COURTHOUSE — The Virginia Beach City Council may consider putting a referendum on the November ballot that could lead to big changes to the way people choose local elected leaders representing specific voting districts.
A proposal by City Councilmember Jessica Abbott, who represents the Kempsville District, would ask whether representatives of the seven district seats should be selected from voters who reside only within those respective districts.
Voters from throughout Virginia Beach now pick district representatives, even if voters do not live in the district. Language proposed by Abbott specifies City Council seats, but, since City Council districts correspond with School Board districts, change would likely apply to both.
Under the city’s current hybrid election system, there are at-large seats and district seats. People elected to represent districts must live within the district, but, again, voters from throughout the city elect them to office. At-large representatives are represented by someone from anywhere in the city and are selected by all city voters, and, on the City Council, that goes for the mayor, too.
The City Council is scheduled to hold a public hearing on draft language for a referendum question on Tuesday, July 21, during its meeting at 6 p.m. at City Hall. The council also wants to hear whether people think they should vote to put the question on the ballot, which would require action by the City Council at the following meeting.
Abbott discussed the need to revisit the system for local elections during the City Council retreat in February, when she said a generation of Virginia Beach citizens have never had the chance to weigh in on how they select their local leaders. District voting was last on the ballot in 1996.
“Referendums to change the city charter are ideally conducted during the highest voter turnout elections, usually during Presidential cycles,” Abbott wrote in a statement posted to social media on Thursday, July 16. “Also, the earliest that it could be implemented would be 2021 after the updating and redrawing of districts, which would be after the upcoming census. We can agree that much has changed in Virginia Beach over the past 24 years, and I believe we need a reliable, updated indicator of support for the issue from the public.”
Some proponents of change feel it would make elected leaders more responsive to people within the district they want to represent. Change could influence how answerable some district members of the City Council and School Board may be to people outside their districts if those voters are not part of the process of electing them.

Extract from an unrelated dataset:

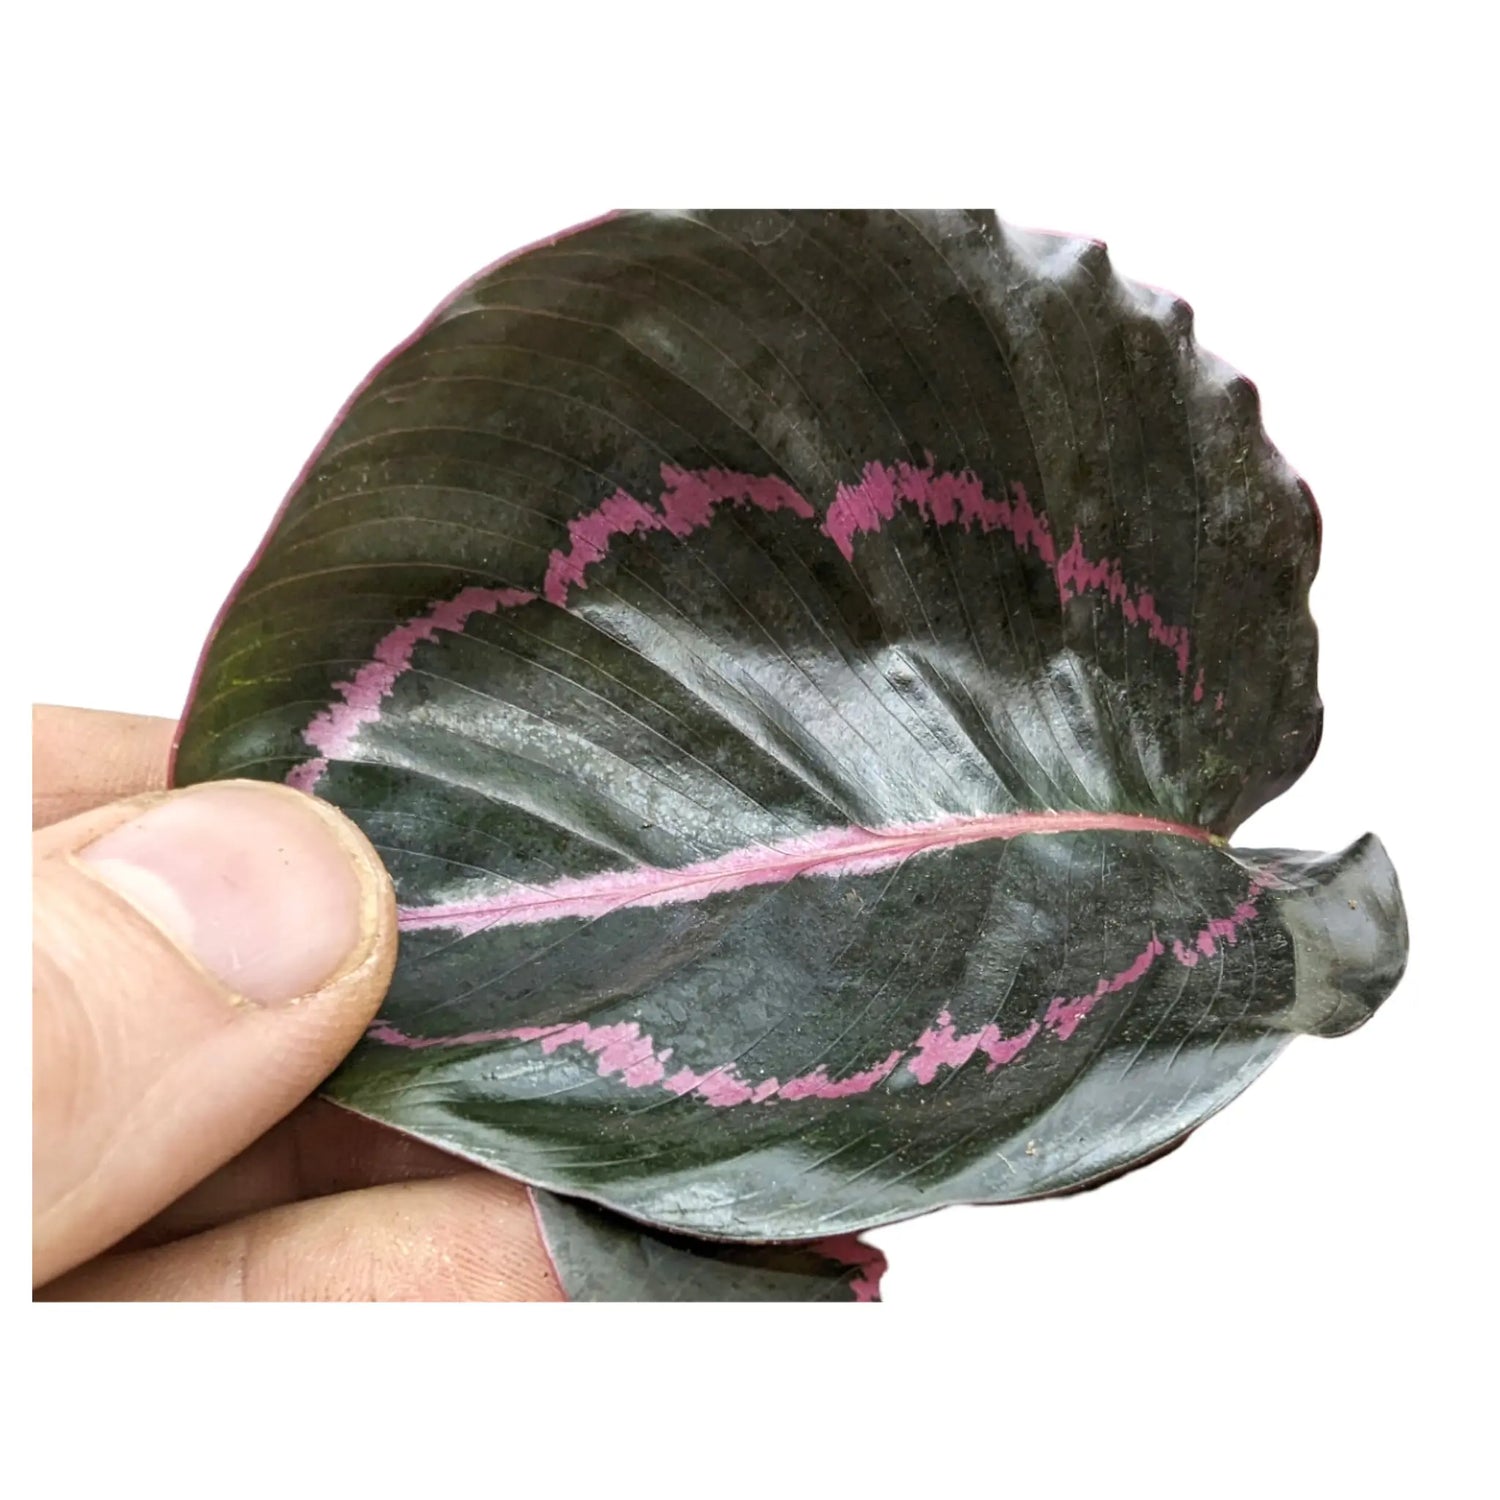 Calathea roseopicta Dottie - Rose Painted Calathea Leaf Culture

City Councilmember Barbara Henley, who represents the Princess Anne District, during an interview on Friday, July 17, said she does not support rushing a referendum question onto the ballot when the significance of such a change has not been discussed. The Princess Anne District includes much of the southern half of the city, including rural communities and the vast majority of the city’s farming industry. Henley, a farmer who lives in Pungo, said she cannot remember an at-large representative from the rural area of city.
“When we had this on the ballot the last time (in 1996) it was defeated because people realized they were going to be giving up six votes,” Henley said. “We have a unique system because we have a unique city. … What the people who set up our government realized is every member of council votes on each issue and, therefore, they should be responsible to every voter, no matter where they live.”

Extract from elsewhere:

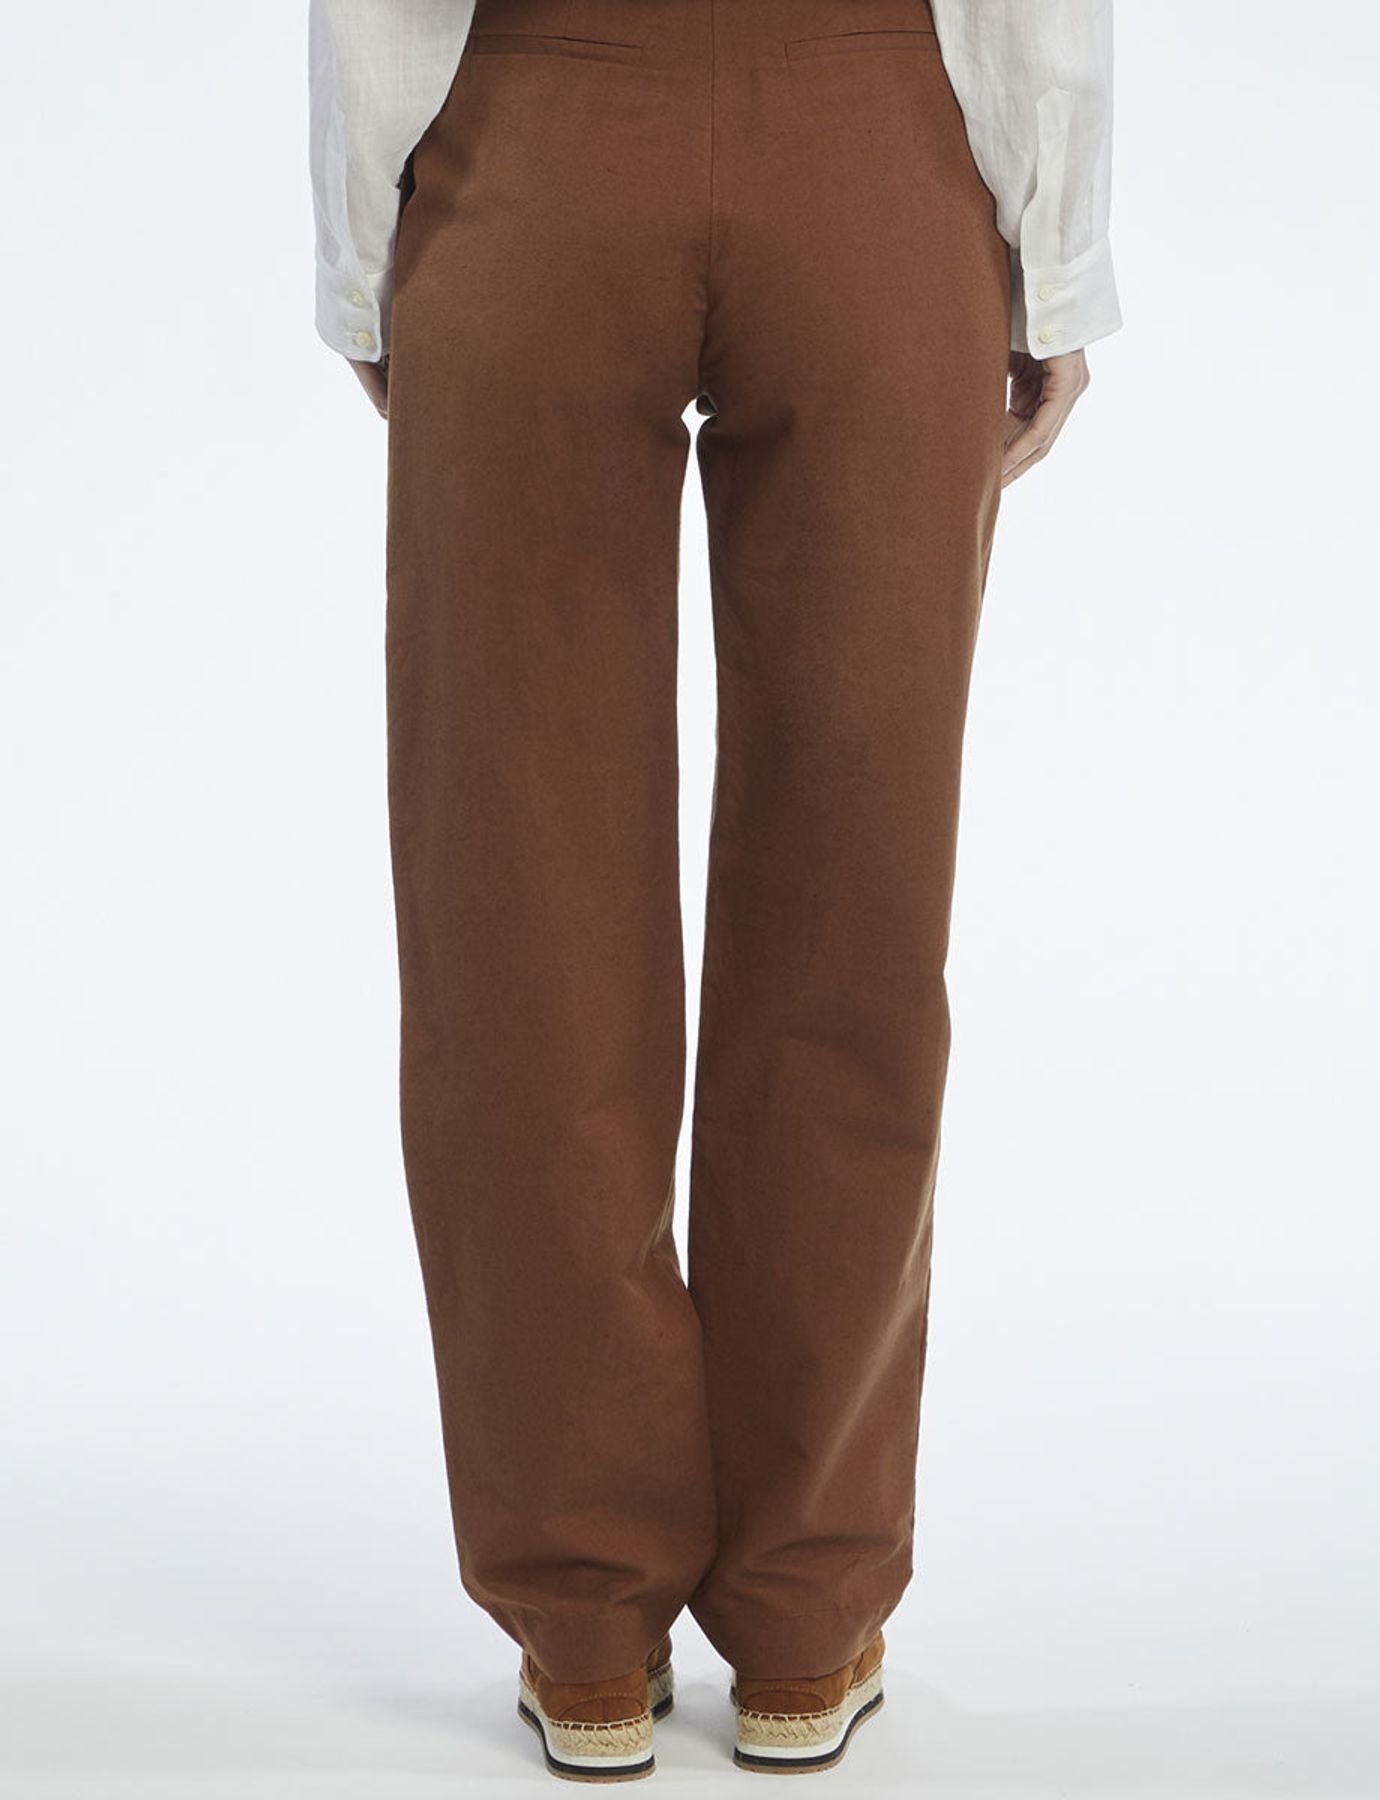 pantalon-atalia-marron

Abbott addressed the proposal during a City Council informal session on Tuesday, July 14, saying 62 percent of the current electorate has never weighed in on district voting and this would give the city an “updated pulse” on the issue.
City Councilmember John Moss, who holds an at-large seat, supported the effort, and he sought a public hearing prior to City Council considering whether to put the question on the ballot. He said — given the response to the light rail referendum in 2016, when voters rejected extending The Tide to Town Center — there should be no concern about voters understanding the question in a presidential election year, a concern expressed by some.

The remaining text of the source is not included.